The iommu groups and mapped devices can be listed with the following script. If there is no output either iommu support is not enabled or the hardware doesn’t support it.

#!/usr/bin/env bash
for iommu_group in $(find /sys/kernel/iommu_groups/ -maxdepth 1 -mindepth 1 -type d); do
    echo "IOMMU group $(basename "$iommu_group")";
    for device in $(ls -1 "$iommu_group"/devices/); do
        echo -n $'\t'; lspci -nns "$device";
    done;
done

What do we get from this:
IOMMU group 28 has the GTX 1070 mapped together with the nVidia sound device so there should be no problem passing these to the guest os. This showed to be true. Yay!

IOMMU Group 33 has a single USB3 controller mapped to it and therefore it should be possible to pass-through this one to the guest os. This didn’t work as expected.
I found some posts [1] on the web about freezes and lockups of the host system when passing through the single USB immediately after starting the VM. I also experienced freezes and lockups.
[1] Passing though a USB controller on a Gigabyte X570 Aorus Master Causing Freezing

IOMMU group 22 with two more USB controllers mapped to it could be the remedy but it has a pci bridge and some other device mapped to it and from reading [2] it was not clear if these USB controllers could be used without the ACS override patch.

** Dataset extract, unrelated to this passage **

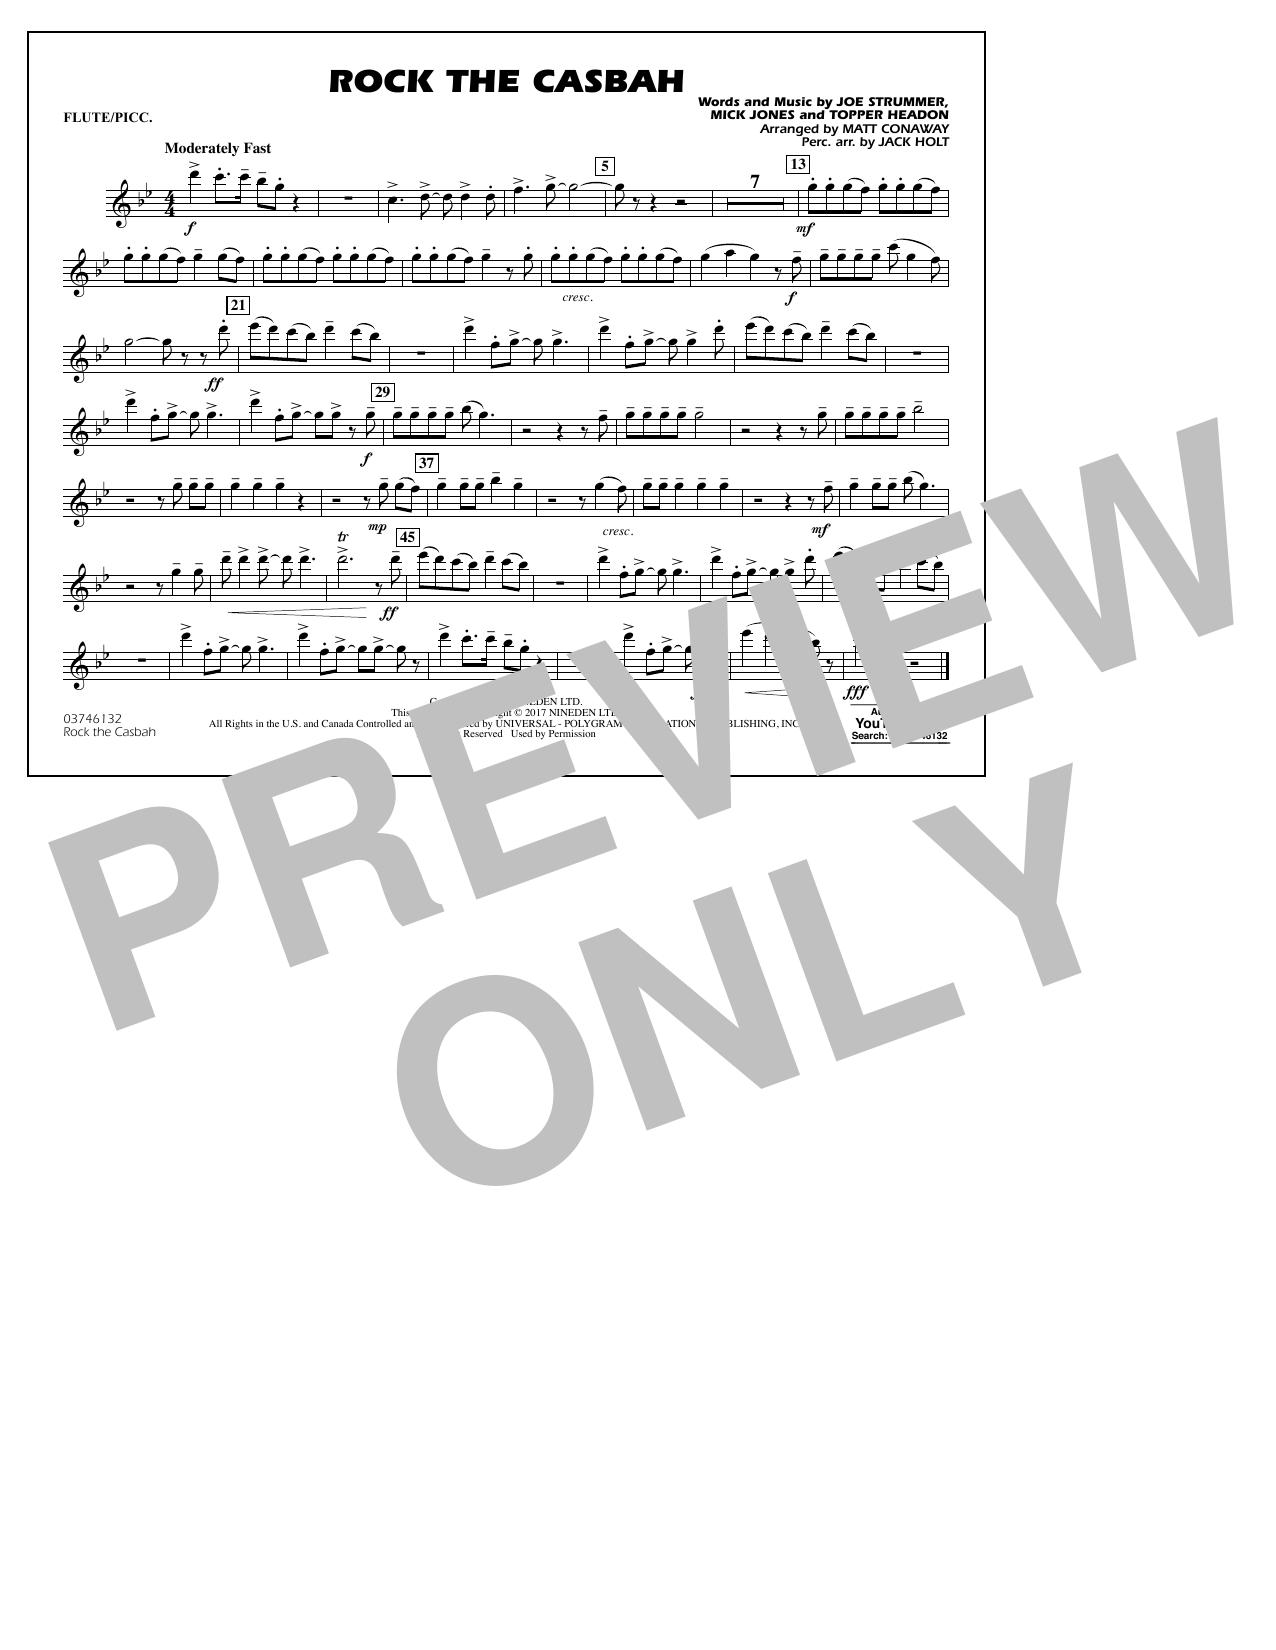 Rock the Casbah - Flute/Piccolo Sheet Music

Looked like a dead end.
[2] Integrated USB controller passthrough

Prepare to pass-through devices

To be passed-through devices need to be assigned the vfio-pci driver at boot so they are not claimed by their correct device drivers (nouveau for the nvidia gpu and xhci_hcd for the usb3 controllers).

On Debian 10 ‘Buster’ this is done in initramfs with some modprobe and initramfs configuration.

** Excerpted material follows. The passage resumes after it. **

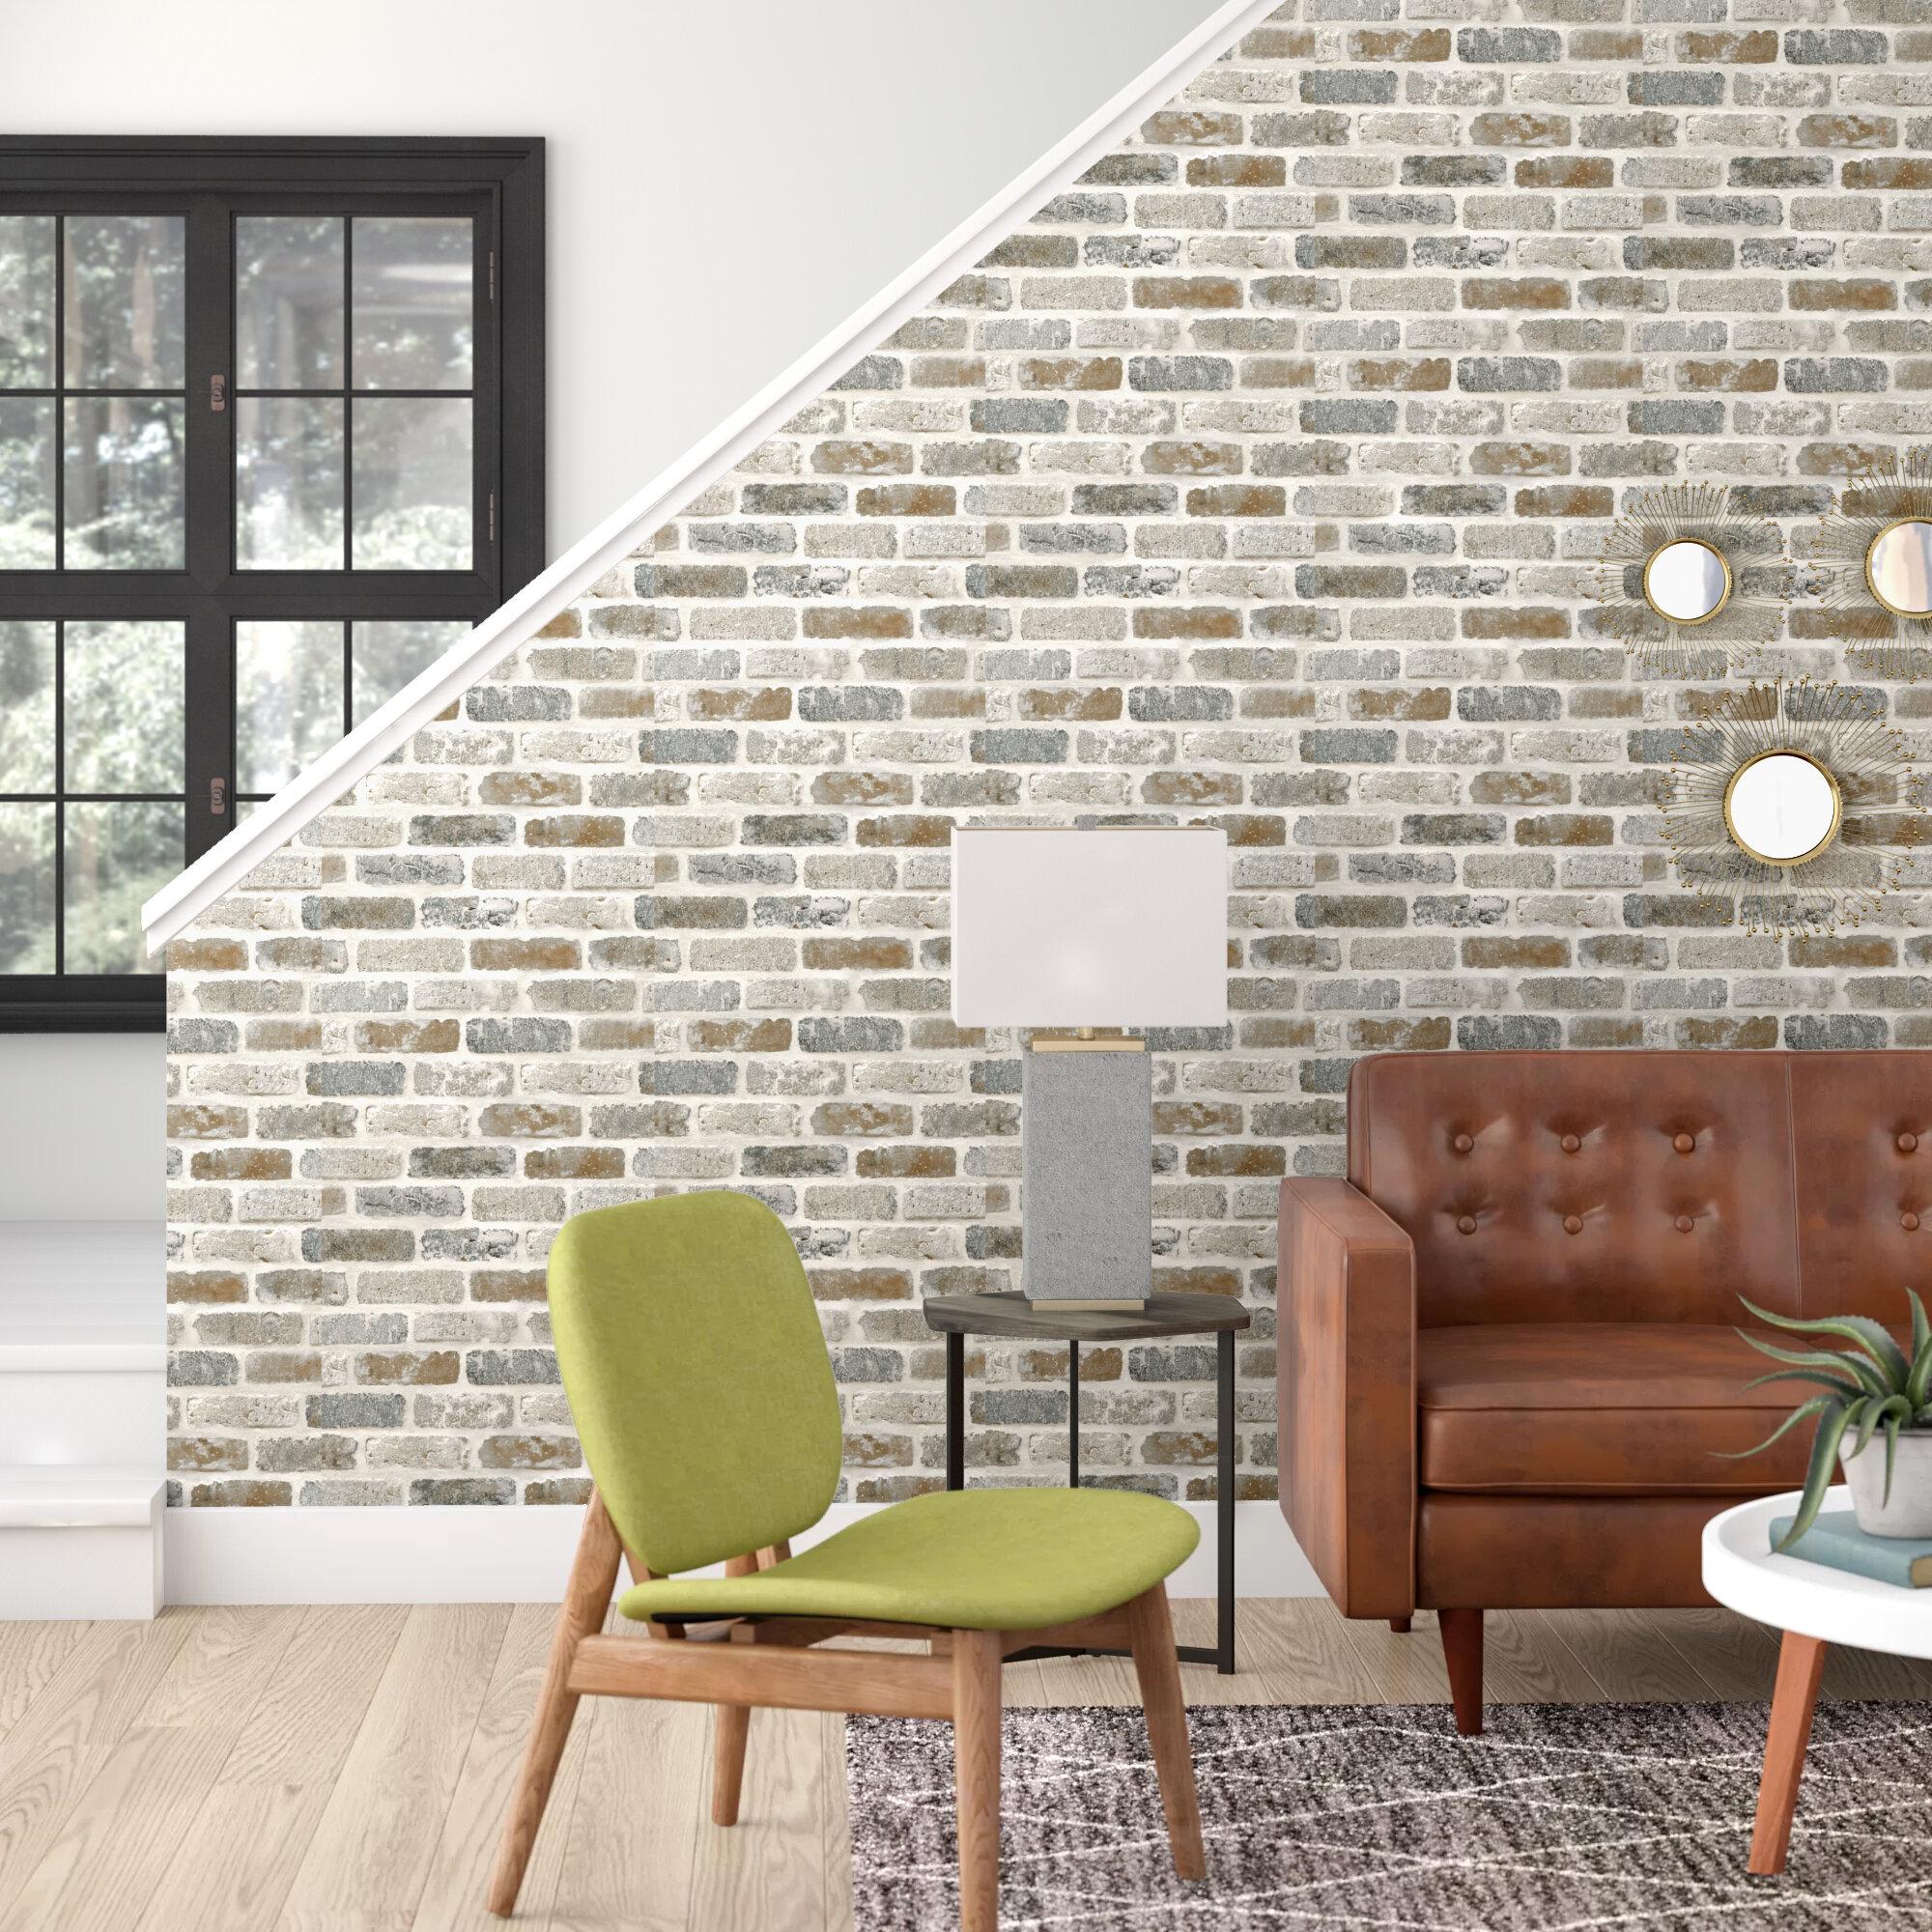 Ebern Designs Perla Washed 18 L X 20 5 W Peel And Stick Wallpaper Roll Reviews Wayfair

As mentioned before the kernel command line is extended with amd_iommu=on iommu=pt to enable iommu in the kernel. Don’t forget to update-grub.

GPU

For the guest os GPU the file /etc/modprobe.d/vfio.conf defines the PCI IDs the vfio-pci module should bind to (nvidia gpu and sound device from iommu group 28)

options vfio-pci ids=10de:1b81,10de:10f0

and /etc/initramfs-tools/modules specifies the modules to include in the initramfs, in my case

vfio
vfio_iommu_type1
vfio_pci
vfio_virqfd
irqbypass
kvm
kvm_amd
xhci_hcd

After that regenerate the initramfs with update-initramfs -k all -u and reboot.

USB controllers

The onboard AMD USB3 controllers all have the same PCI ID 1022:149c and letting vfio-pci bind to this ID at boot would leave me with no usable usb ports. So not an option.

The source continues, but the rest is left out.